Using explicit inclusion and exclusion criteria, 16 articles were selected for this meta-analysis. Details of the selection process are presented (Fig. 1). The initial search yielded 508 articles. Among these, 465 were excluded because they were: duplicated studies, not reporting colorectal cancer-specific mortality or all-cause mortality, review or meta-analysis studies, or not a prospective cohort study. The remaining 43 potentially relevant studies were examined more closely and an additional 27 studies were excluded from analysis because of lack of information on BMI and the risk of mortality. Finally, 16 articles were selected for this meta-analysis based on these specific exclusion and inclusion criteria (Tables 1 and 2). The total sample size of patients with colorectal cancer in this meta-analysis was 58,917, encompassing both pre-diagnosis BMI and post-diagnosis BMI. The follow-up period ranged from 4.9 to 20 years (median: 9.9 years).
Studies included in the meta-analyses used different BMI ranges for their underweight, reference overweight, and obese group. Among studies included in the meta-analysis, the range of BMI for underweight was < 18.5 kg/m2 (Dignam et al. , Prizment et al. , Baade et al. , Campbell et al. , Chin et al. , Kuiper et al. , Pelser et al. , and Schlesinger et al. ), < 20 kg/m2 (Meyerhardt et al. , Doria-Rose et al. , Sinicrope et al. , and Sinicrope et al. ), < 21 kg/m2 (Meyerhardt et al.  and Meyerhardt et al. ), and < 25 kg/m2 (Fedirko et al.  and Boyle et al. ).

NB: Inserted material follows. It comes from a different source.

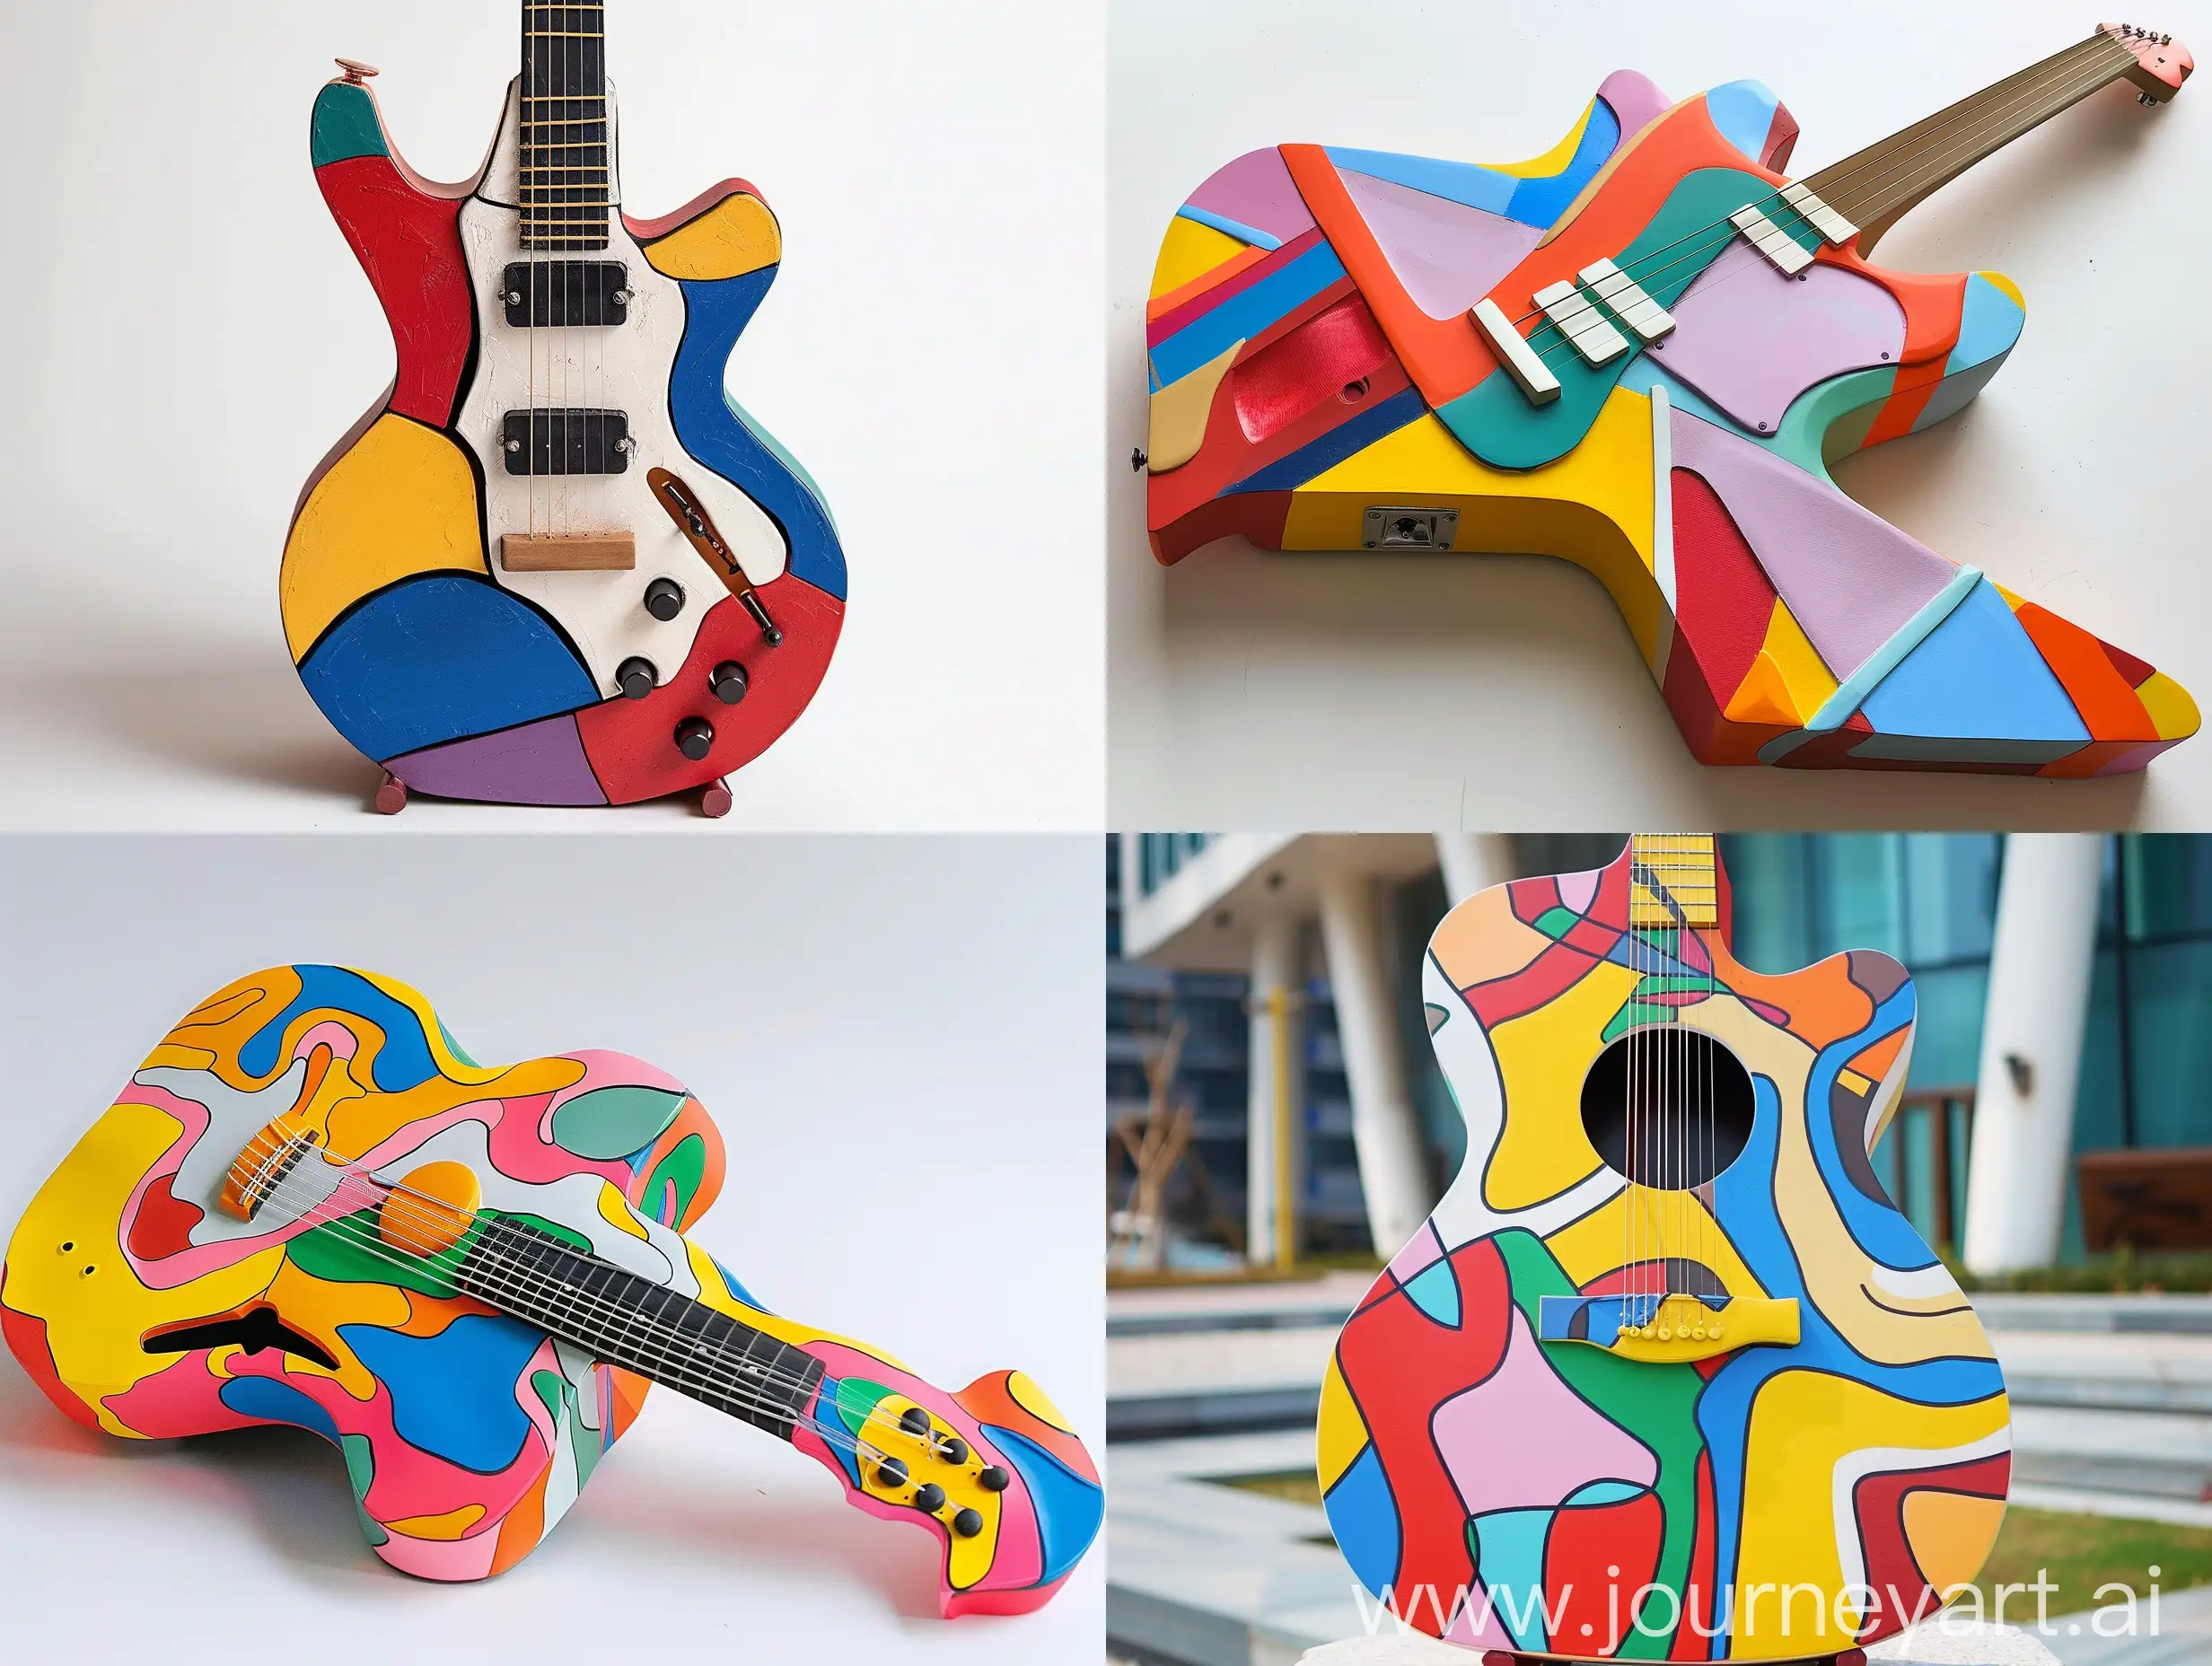 Vibrant-Minimalist-Guitar-Sculpture-by-Dynamic-Artist-Lee-Sangsoo

The ranges used to define obesity categories also varied among studies. Four studies [9,12,13,23] of post-diagnosis BMI subdivided obesity as class I (30–34.9 kg/m2) and class II/III (BMI ≥ 35 kg/m2). To address these variances in categories, an additional meta-analysis was conducted to determine whether the diverse categories for the reference group influenced the results. The additional meta-analysis was conducted to compare results involving all studies without considering the differences in reference categories (18.5–24.9 kg/m2, 20–24.9 kg/m2, 21–24.9 kg/m2, and < 25 kg/m2) and obesity categories. This comparison analysis was conducted in most cases, but not in every case because the number of studies did not allow the completion of every possible meta-analysis. In none of the comparison was there evident statistically significant heterogeneity.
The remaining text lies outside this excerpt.